Wednesday, April 13, 2016

The Bots are coming! The Bots are coming!

Facebook seems to be heralding a new age of customer service with their recent announcements coming out of their big conference. Bots will be available for Facebook Messenger to help ease the transition of customer service to their channel. Were they satisfied with just becoming another channel in an omni-channel customer service strategy? No. They are interested in becoming THE channel.

Contact centers better prepare for this!

Fortunately, integrations have already been completed. For example, Skype for Business contact center provider Clarity Connect is capturing the flow of Facebook Messenger chats in their normal streams.
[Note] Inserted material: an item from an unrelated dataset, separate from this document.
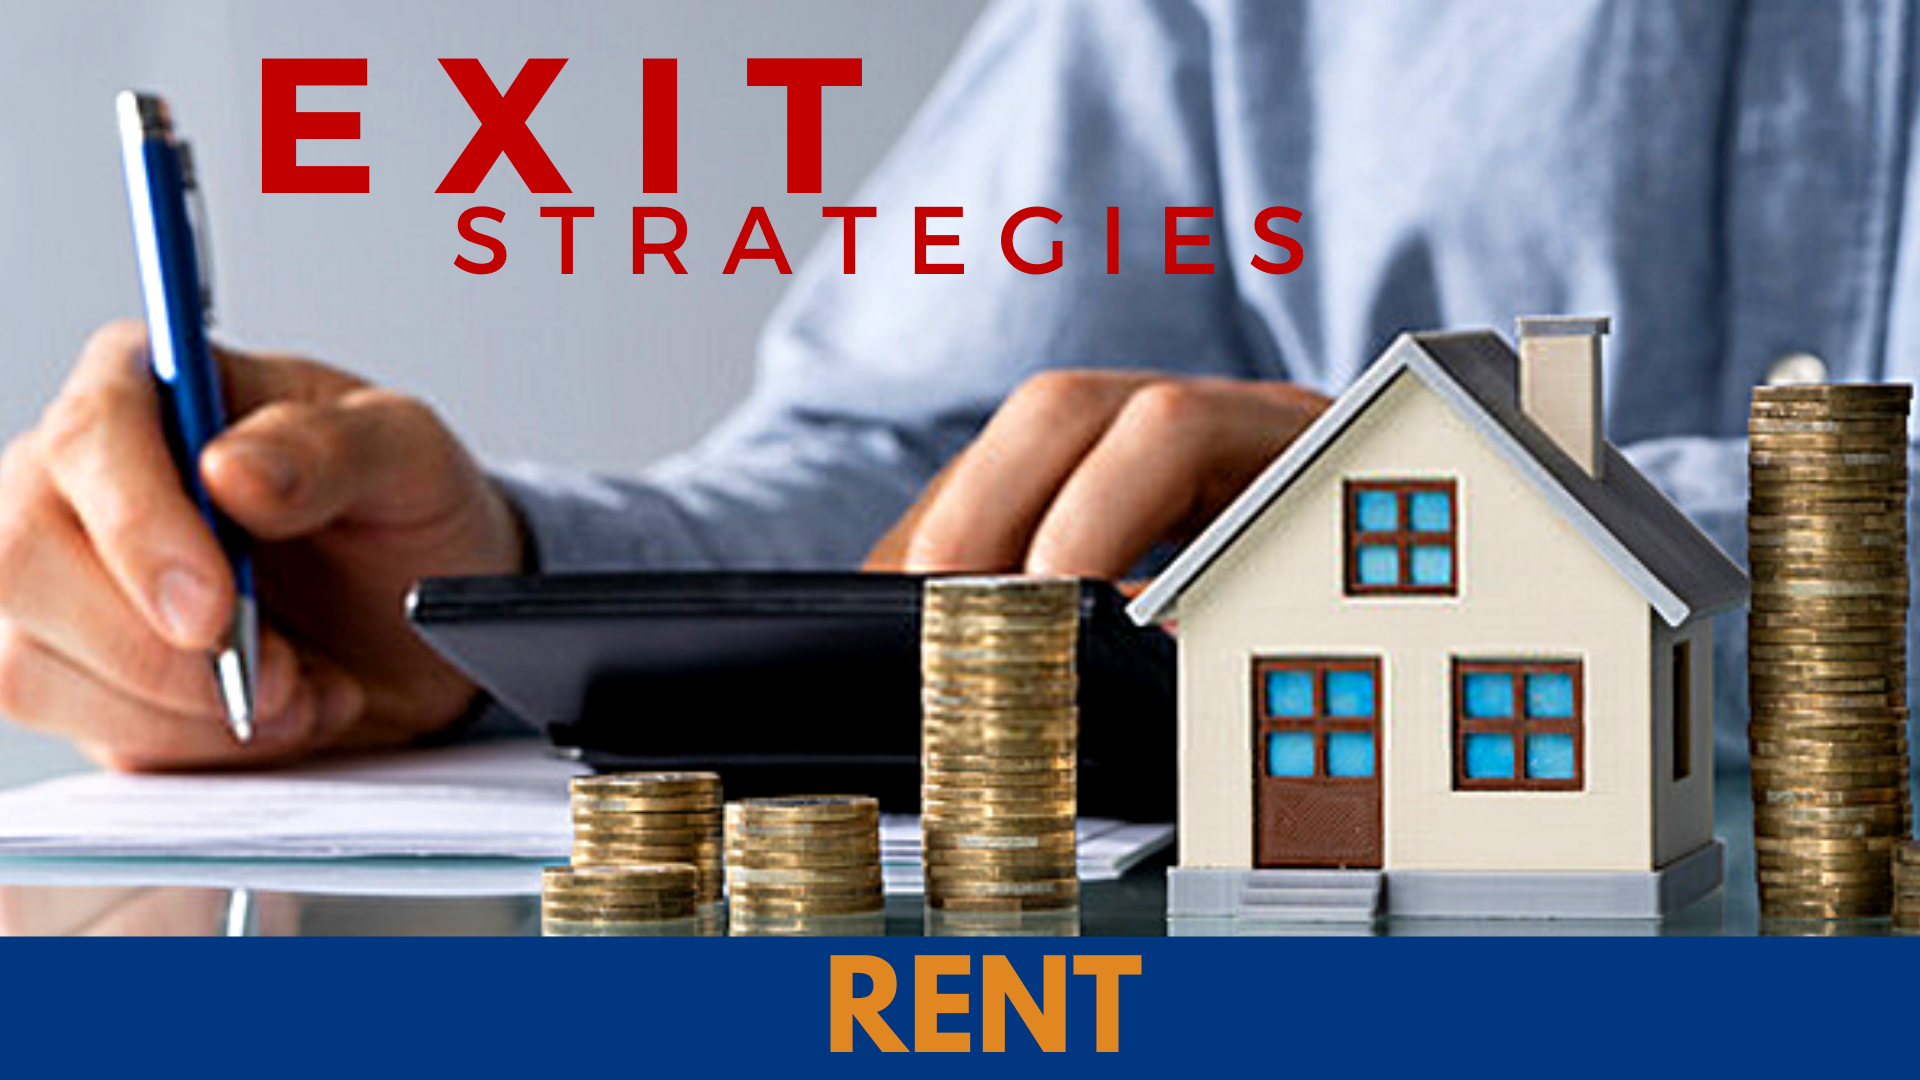 exit strategies - rent banner
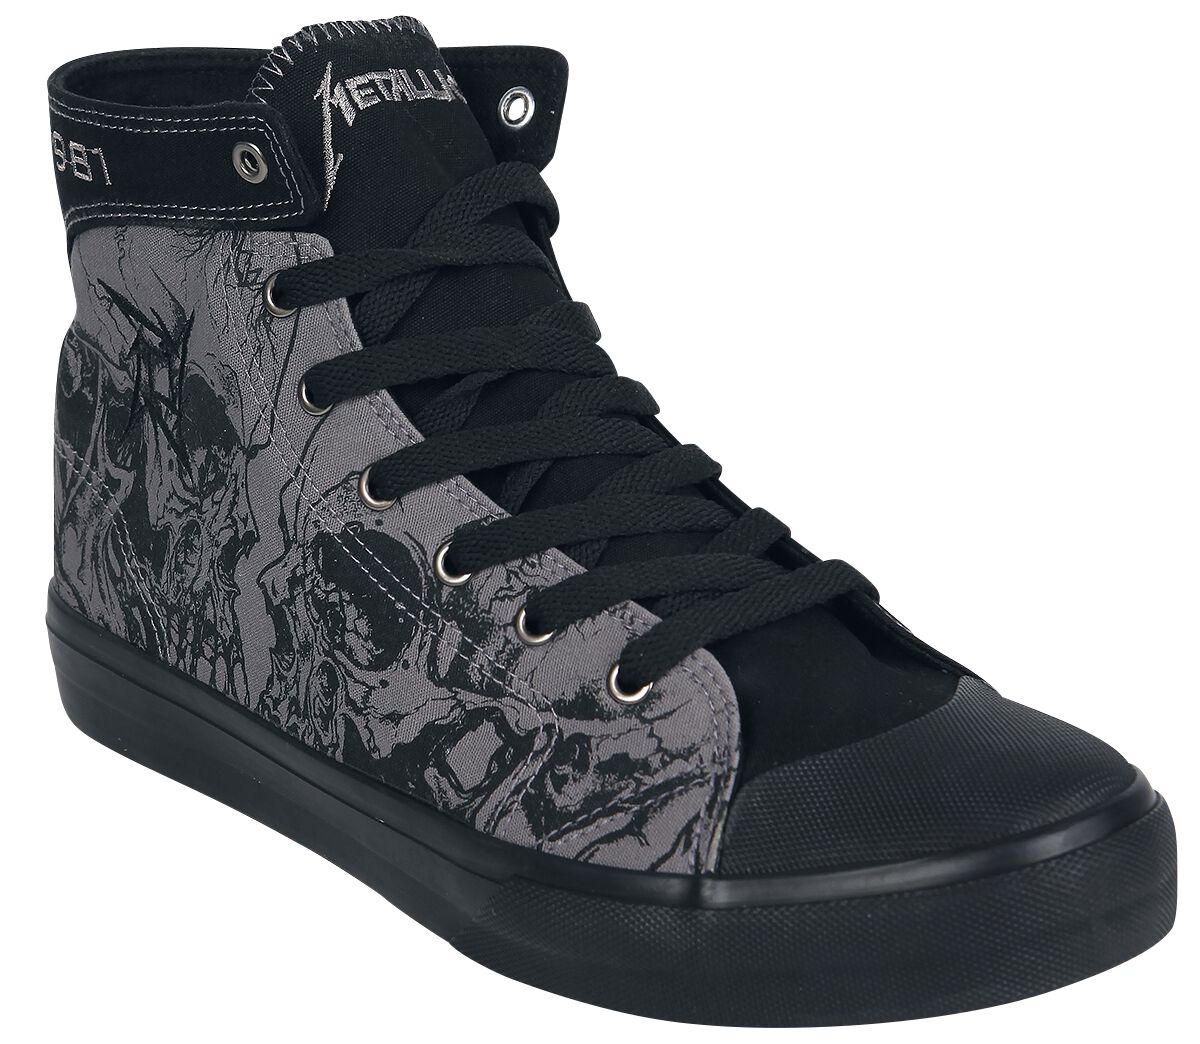 Metallica Sneaker high - EMP Signature Collection - EU37 bis EU47 - Größe EU46 - grau/schwarz  - EMP exklusives Merchandise!

Virtual Observer's Workforce Optimization solution provider, previously integrated with Clarity, can allow for these Facebook Messenger interactions to be recorded, played back, evaluated, trained on, analyzed and archived.

In essence, a new era of social quality monitoring has begun.

You're going to want to evaluate the bots' performance. Artifical Intelligence has been known to be a little quirky. Ask Microsoft.


Friday, April 01, 2016

Connect the dots with Workforce Optimization and Zendesk

Zendesk BlogOn the heels of yesterday's announcement of the integration between Virtual Observer and Zendesk, as well as Tuesday's blog post by Zendesk, it is important that we examine all the various data points which can be connected with this pairing.


  • Social Media Interactions > Zendesk Support Tickets
  • Zendesk Support Tickets > CRM Customer Records
  • Zendesk Support Tickets > Virtual Observer Recorded Events
  • Zendesk Zopim Chats > Virtual Observer Recorded Events
  • Zendesk Voice Recording > Virtual Observer Recorded Events
  • Virtual Observer Event Playback > Zendesk UI


I am sure there are many more data points connected which can and will be cross pollinated. This is an extremely powerful integration which extends the capabilities of all the support centers and contact centers who use this amazing Zendesk tool.

Just as the Clarity Connect integration allows Virtual Observer to be the WFO system of choice for Microsoft Skype for Business environments, our collaboration with Zendesk allows us to connect the dots for customers who are using Zendesk for support and CRM integration.